Both Radicava and Radicava ORS are administered in 28-day cycles of 14 days on treatment, followed by 14 days off. MTPA is currently running a Phase 3 clinical trial called MT-1186-A02 (NCT04569084) to compare alternative dosing regimes of Radicava ORS.

Results are expected later this year. Scientists at MTPA and other institutions shared details of the trial’s design at the MDA conference in the poster, “Phase 3b Study to Evaluate Efficacy and Safety of Oral Edaravone Over 48 Weeks in Patients with Amyotrophic Lateral Sclerosis (MT-1186-A02).”

The trial intends to enroll about 380 adults with ALS whose disease began within two years of enrollment.
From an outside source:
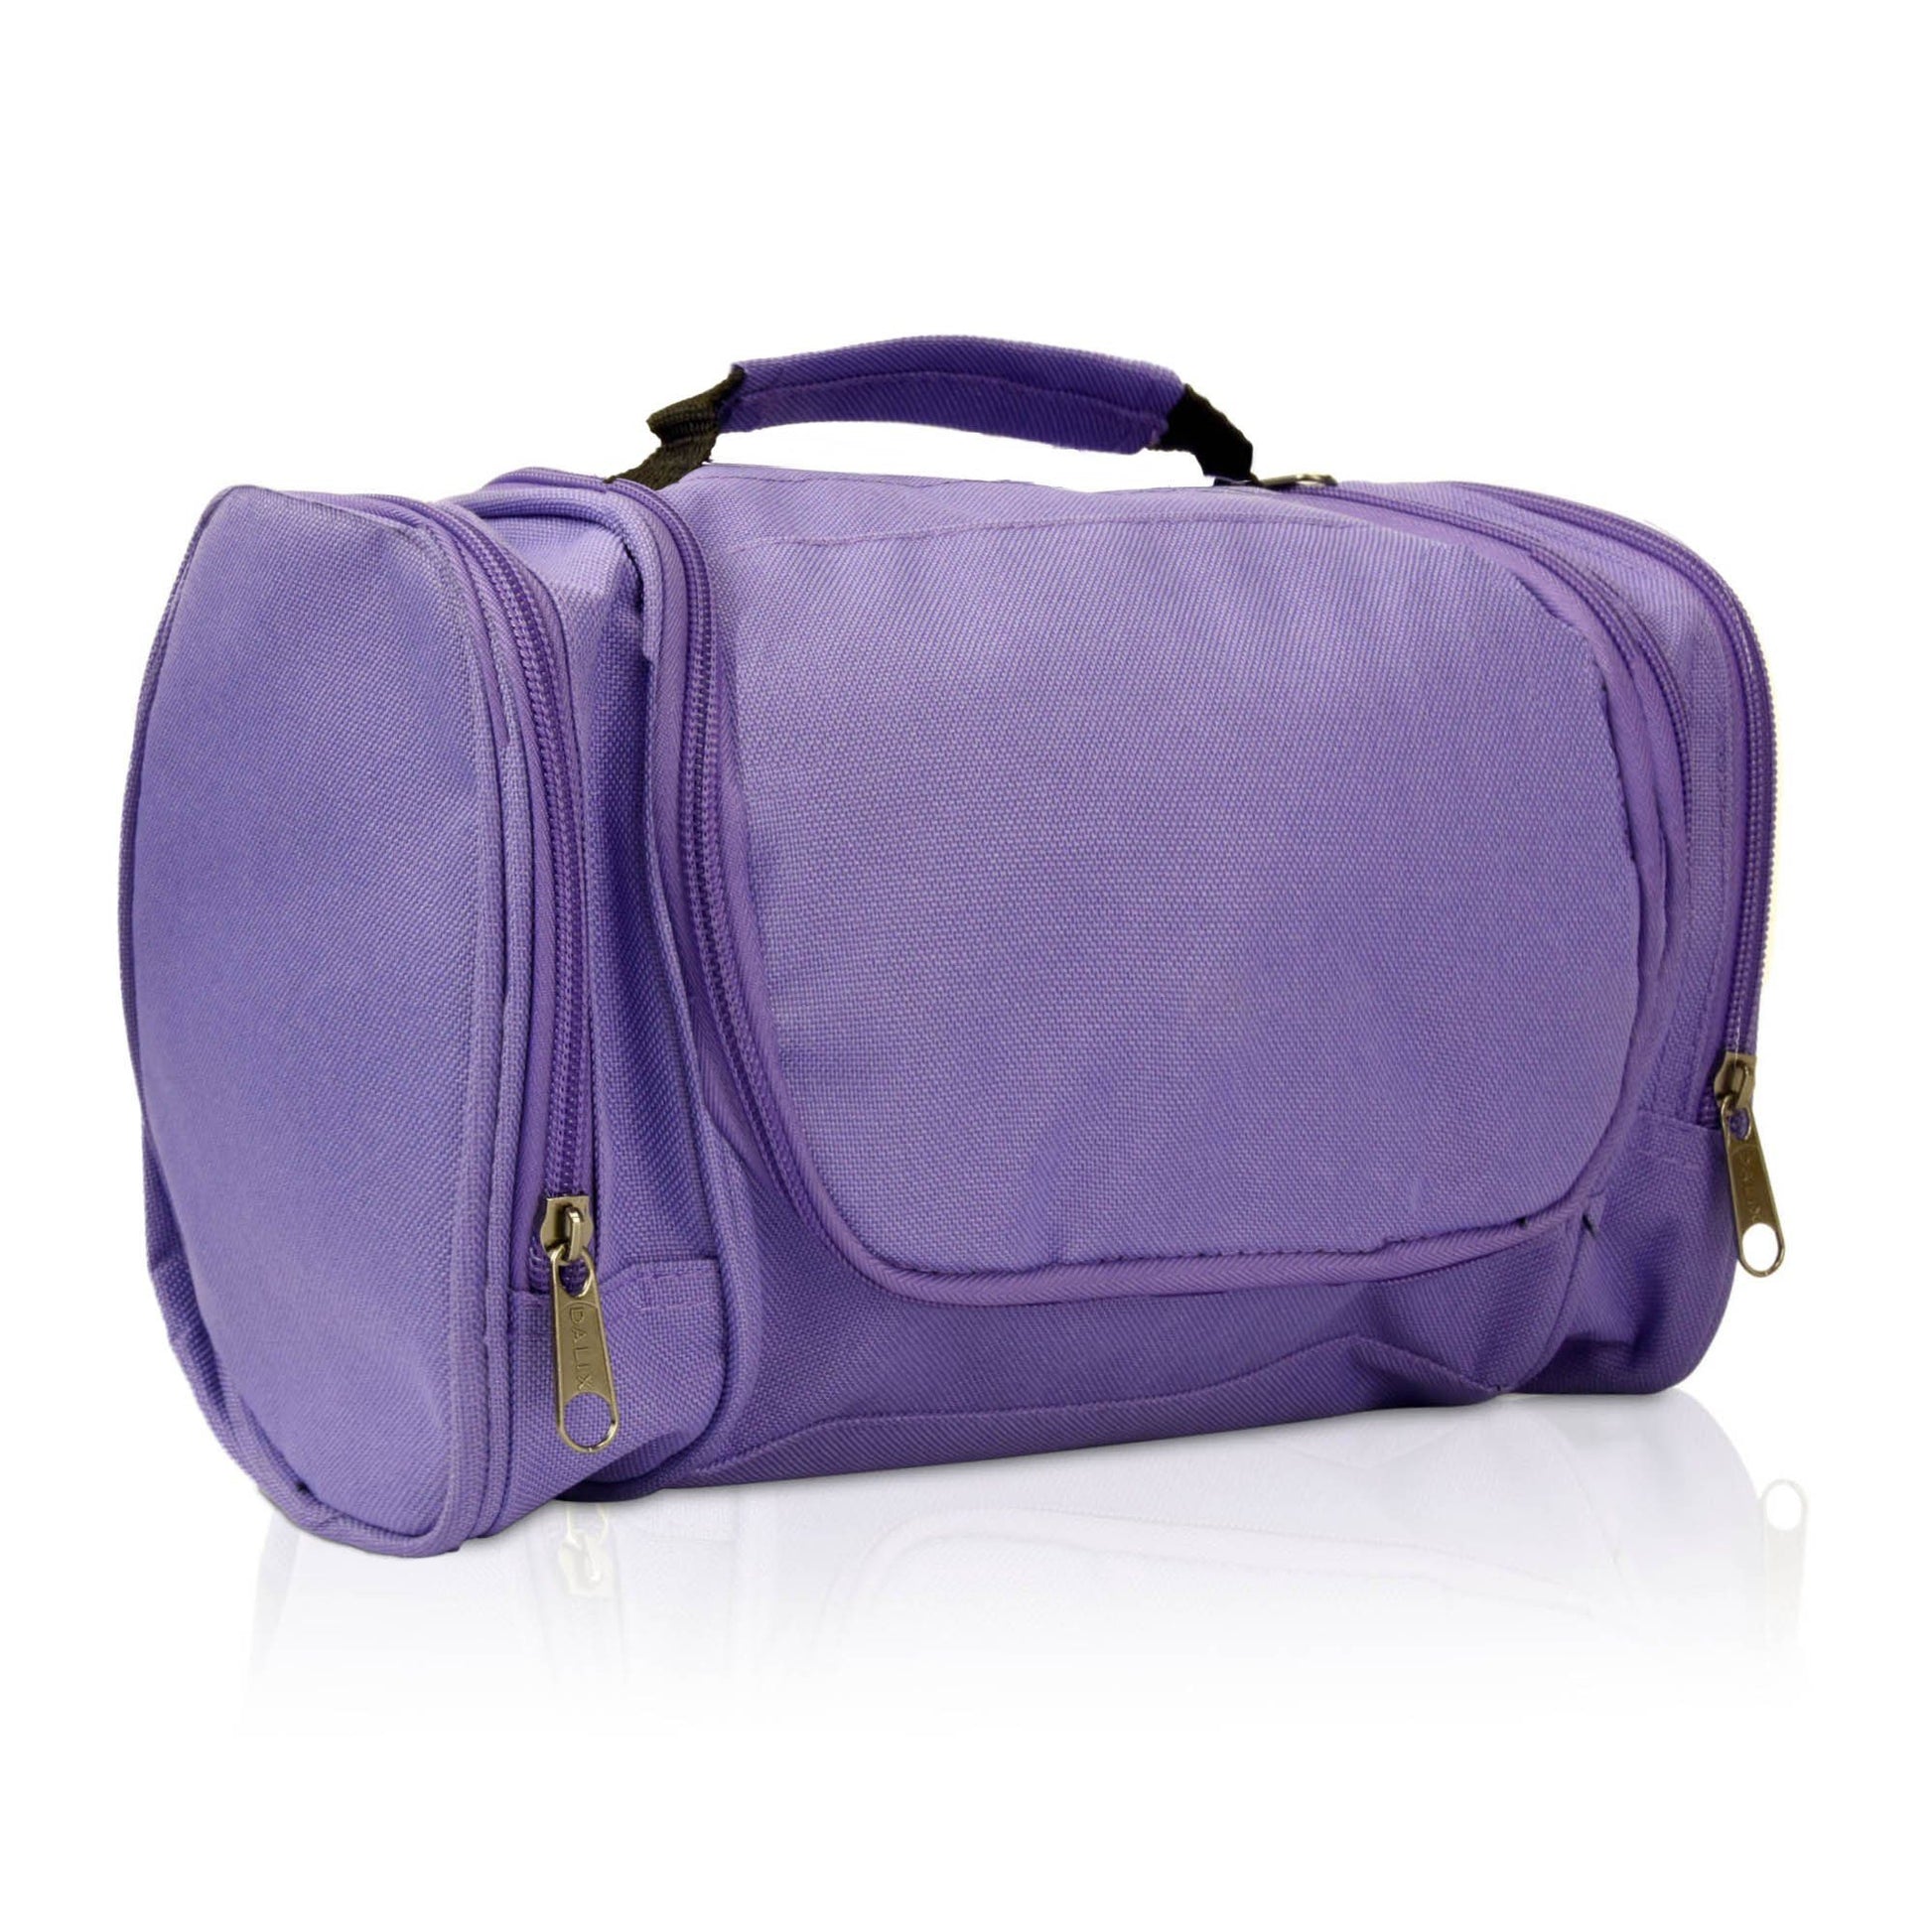 DALIX Hanging Travel Toiletry Kit Accessories Bag (8 Colors) Business DALIX Purple

Participants will be randomly assigned to one of two groups and treated for about a year.

In one group, participants will be treated with Radicava ORS (105 mg) every day, rather than taking 14 days off treatment in each 28-day cycle. In the second group, participants will first get Radicava ORS for 14 days, then a placebo for 14 days (mimicking the currently approved schedule) for one 28-day-cycle. For the next 11 cycles, participants will take the therapy for 10 days and a placebo for 18 days.

The main goal is to compare outcomes on the ALS Functional Rating Scale Revised (ALSFRS-R), a standardized measure of ALS symptom severity. Secondary measures include changes in lung function, survival, and quality of life.

After completing the main trial, participants will be able to enter an open-label extension and receive Radicava ORS for an extended period.

“This study will provide important information on the safety, efficacy, and tolerability of 2 dosing regimens for [Radicava ORS] in patients with ALS,” the researchers concluded in their poster.

“These presentations reflect our determination to not only broaden our expertise in ALS, but to continue sharing key insights that have a meaningful impact on the patient and medical communities,” Gustavo A. Suarez Zambrano, MD, vice president of medical affairs at MTPA, said in a company press release.